Once you reach the line containing "Królestwo Polskie/Rosja. Medal" in the data below, restate each line word for word up to and including the one containing "Quarter scale Adam West Batman action figure".

**Material to process:**
········

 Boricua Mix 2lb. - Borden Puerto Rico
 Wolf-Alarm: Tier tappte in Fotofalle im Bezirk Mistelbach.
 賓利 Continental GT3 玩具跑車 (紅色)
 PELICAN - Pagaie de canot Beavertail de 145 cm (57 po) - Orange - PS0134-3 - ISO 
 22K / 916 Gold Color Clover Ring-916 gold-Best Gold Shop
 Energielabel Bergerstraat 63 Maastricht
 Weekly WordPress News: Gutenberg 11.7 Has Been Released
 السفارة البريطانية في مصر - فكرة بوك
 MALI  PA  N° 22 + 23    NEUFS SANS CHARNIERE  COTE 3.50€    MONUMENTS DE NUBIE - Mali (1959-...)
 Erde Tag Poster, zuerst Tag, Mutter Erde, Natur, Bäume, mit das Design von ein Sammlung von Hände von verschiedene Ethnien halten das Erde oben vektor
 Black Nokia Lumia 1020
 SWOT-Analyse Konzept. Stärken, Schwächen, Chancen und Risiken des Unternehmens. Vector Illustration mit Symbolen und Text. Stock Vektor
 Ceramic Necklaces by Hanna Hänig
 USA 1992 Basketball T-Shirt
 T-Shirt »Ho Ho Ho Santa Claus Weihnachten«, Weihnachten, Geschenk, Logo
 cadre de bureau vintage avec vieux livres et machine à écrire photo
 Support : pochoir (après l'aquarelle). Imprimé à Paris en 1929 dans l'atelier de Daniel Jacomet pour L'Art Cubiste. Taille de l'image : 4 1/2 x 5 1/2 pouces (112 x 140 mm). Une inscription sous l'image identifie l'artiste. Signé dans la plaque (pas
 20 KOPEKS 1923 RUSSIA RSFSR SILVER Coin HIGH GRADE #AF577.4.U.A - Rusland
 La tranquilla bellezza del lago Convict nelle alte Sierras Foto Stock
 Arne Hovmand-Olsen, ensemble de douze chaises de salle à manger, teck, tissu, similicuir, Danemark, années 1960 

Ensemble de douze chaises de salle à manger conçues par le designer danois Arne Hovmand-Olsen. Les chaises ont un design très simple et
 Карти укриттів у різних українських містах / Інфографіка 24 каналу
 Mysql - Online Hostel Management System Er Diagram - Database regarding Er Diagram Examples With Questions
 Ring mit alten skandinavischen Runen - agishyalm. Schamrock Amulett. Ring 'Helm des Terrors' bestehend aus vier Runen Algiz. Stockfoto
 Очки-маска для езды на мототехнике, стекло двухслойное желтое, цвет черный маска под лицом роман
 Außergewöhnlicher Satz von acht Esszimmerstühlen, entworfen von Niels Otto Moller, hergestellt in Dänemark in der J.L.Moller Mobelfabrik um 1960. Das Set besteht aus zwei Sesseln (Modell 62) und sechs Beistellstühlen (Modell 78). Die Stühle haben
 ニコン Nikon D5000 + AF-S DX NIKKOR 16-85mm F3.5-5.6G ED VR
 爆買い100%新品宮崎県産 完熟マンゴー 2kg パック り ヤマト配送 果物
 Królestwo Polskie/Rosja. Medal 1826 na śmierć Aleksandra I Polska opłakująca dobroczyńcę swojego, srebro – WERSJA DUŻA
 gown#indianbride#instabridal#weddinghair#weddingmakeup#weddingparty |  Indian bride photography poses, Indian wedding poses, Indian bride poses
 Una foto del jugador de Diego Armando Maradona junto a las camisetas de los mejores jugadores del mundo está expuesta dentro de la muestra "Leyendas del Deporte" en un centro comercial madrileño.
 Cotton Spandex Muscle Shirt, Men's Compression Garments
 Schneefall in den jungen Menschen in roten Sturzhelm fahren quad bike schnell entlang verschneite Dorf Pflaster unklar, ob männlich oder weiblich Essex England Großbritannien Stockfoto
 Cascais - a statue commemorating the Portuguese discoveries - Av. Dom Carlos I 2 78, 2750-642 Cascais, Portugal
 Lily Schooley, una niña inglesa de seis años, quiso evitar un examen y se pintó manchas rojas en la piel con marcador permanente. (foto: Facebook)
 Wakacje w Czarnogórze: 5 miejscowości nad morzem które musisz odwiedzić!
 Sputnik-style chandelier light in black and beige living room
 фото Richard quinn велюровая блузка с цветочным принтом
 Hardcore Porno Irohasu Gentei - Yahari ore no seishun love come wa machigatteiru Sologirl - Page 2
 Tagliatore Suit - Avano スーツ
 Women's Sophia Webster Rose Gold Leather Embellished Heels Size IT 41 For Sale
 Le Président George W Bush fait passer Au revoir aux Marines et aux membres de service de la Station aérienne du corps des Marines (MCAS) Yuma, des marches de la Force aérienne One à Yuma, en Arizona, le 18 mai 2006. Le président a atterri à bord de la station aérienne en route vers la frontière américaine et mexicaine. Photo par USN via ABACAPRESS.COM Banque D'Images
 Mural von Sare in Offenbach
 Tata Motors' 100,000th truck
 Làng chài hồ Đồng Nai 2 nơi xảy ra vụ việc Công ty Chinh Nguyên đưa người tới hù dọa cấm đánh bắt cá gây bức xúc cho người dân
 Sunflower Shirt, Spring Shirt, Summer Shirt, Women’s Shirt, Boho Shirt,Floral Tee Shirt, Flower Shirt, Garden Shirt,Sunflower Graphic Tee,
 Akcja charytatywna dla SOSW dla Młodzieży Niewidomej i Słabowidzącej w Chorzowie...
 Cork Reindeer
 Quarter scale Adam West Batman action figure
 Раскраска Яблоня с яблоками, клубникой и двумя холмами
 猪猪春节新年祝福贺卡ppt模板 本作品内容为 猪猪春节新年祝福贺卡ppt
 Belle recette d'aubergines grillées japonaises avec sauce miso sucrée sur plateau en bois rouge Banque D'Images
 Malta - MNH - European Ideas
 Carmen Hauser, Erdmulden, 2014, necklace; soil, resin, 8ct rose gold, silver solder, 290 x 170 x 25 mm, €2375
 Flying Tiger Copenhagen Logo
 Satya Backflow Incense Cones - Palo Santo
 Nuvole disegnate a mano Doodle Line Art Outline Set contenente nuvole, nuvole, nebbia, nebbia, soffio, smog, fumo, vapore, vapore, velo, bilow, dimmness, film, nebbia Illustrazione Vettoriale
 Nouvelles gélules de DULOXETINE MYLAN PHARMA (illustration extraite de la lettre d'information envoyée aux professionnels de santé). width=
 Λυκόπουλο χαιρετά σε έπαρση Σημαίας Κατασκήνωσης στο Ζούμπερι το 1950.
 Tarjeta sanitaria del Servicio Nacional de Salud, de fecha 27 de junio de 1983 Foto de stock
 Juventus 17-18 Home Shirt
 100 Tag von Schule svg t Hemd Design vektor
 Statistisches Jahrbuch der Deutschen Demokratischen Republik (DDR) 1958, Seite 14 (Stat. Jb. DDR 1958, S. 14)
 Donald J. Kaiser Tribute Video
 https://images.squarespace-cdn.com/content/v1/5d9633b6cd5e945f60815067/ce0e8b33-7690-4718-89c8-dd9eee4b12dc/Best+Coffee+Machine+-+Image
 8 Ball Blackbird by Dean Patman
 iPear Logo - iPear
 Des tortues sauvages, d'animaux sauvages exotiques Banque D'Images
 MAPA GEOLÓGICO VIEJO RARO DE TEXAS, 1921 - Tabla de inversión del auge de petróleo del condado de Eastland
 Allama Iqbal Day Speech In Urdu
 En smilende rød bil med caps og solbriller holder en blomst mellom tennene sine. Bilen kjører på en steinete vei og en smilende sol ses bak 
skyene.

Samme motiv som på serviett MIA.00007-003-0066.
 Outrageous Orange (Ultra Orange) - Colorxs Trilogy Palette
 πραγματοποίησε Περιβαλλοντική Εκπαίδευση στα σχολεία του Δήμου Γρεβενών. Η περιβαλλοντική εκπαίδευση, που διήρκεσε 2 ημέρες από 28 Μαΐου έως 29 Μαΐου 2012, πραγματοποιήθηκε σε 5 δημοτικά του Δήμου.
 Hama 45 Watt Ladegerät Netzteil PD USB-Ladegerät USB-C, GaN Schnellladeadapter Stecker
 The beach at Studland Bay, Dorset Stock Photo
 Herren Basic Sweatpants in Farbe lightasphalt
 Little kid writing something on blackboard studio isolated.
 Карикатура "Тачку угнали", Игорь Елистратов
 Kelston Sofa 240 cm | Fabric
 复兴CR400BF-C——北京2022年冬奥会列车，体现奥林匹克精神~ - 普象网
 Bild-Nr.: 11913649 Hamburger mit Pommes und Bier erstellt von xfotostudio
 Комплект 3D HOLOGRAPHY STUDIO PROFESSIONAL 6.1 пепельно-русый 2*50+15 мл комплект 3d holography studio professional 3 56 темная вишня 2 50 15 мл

········

**Problem solution:**
 Królestwo Polskie/Rosja. Medal 1826 na śmierć Aleksandra I Polska opłakująca dobroczyńcę swojego, srebro – WERSJA DUŻA
 gown#indianbride#instabridal#weddinghair#weddingmakeup#weddingparty |  Indian bride photography poses, Indian wedding poses, Indian bride poses
 Una foto del jugador de Diego Armando Maradona junto a las camisetas de los mejores jugadores del mundo está expuesta dentro de la muestra "Leyendas del Deporte" en un centro comercial madrileño.
 Cotton Spandex Muscle Shirt, Men's Compression Garments
 Schneefall in den jungen Menschen in roten Sturzhelm fahren quad bike schnell entlang verschneite Dorf Pflaster unklar, ob männlich oder weiblich Essex England Großbritannien Stockfoto
 Cascais - a statue commemorating the Portuguese discoveries - Av. Dom Carlos I 2 78, 2750-642 Cascais, Portugal
 Lily Schooley, una niña inglesa de seis años, quiso evitar un examen y se pintó manchas rojas en la piel con marcador permanente. (foto: Facebook)
 Wakacje w Czarnogórze: 5 miejscowości nad morzem które musisz odwiedzić!
 Sputnik-style chandelier light in black and beige living room
 фото Richard quinn велюровая блузка с цветочным принтом
 Hardcore Porno Irohasu Gentei - Yahari ore no seishun love come wa machigatteiru Sologirl - Page 2
 Tagliatore Suit - Avano スーツ
 Women's Sophia Webster Rose Gold Leather Embellished Heels Size IT 41 For Sale
 Le Président George W Bush fait passer Au revoir aux Marines et aux membres de service de la Station aérienne du corps des Marines (MCAS) Yuma, des marches de la Force aérienne One à Yuma, en Arizona, le 18 mai 2006. Le président a atterri à bord de la station aérienne en route vers la frontière américaine et mexicaine. Photo par USN via ABACAPRESS.COM Banque D'Images
 Mural von Sare in Offenbach
 Tata Motors' 100,000th truck
 Làng chài hồ Đồng Nai 2 nơi xảy ra vụ việc Công ty Chinh Nguyên đưa người tới hù dọa cấm đánh bắt cá gây bức xúc cho người dân
 Sunflower Shirt, Spring Shirt, Summer Shirt, Women’s Shirt, Boho Shirt,Floral Tee Shirt, Flower Shirt, Garden Shirt,Sunflower Graphic Tee,
 Akcja charytatywna dla SOSW dla Młodzieży Niewidomej i Słabowidzącej w Chorzowie...
 Cork Reindeer
 Quarter scale Adam West Batman action figure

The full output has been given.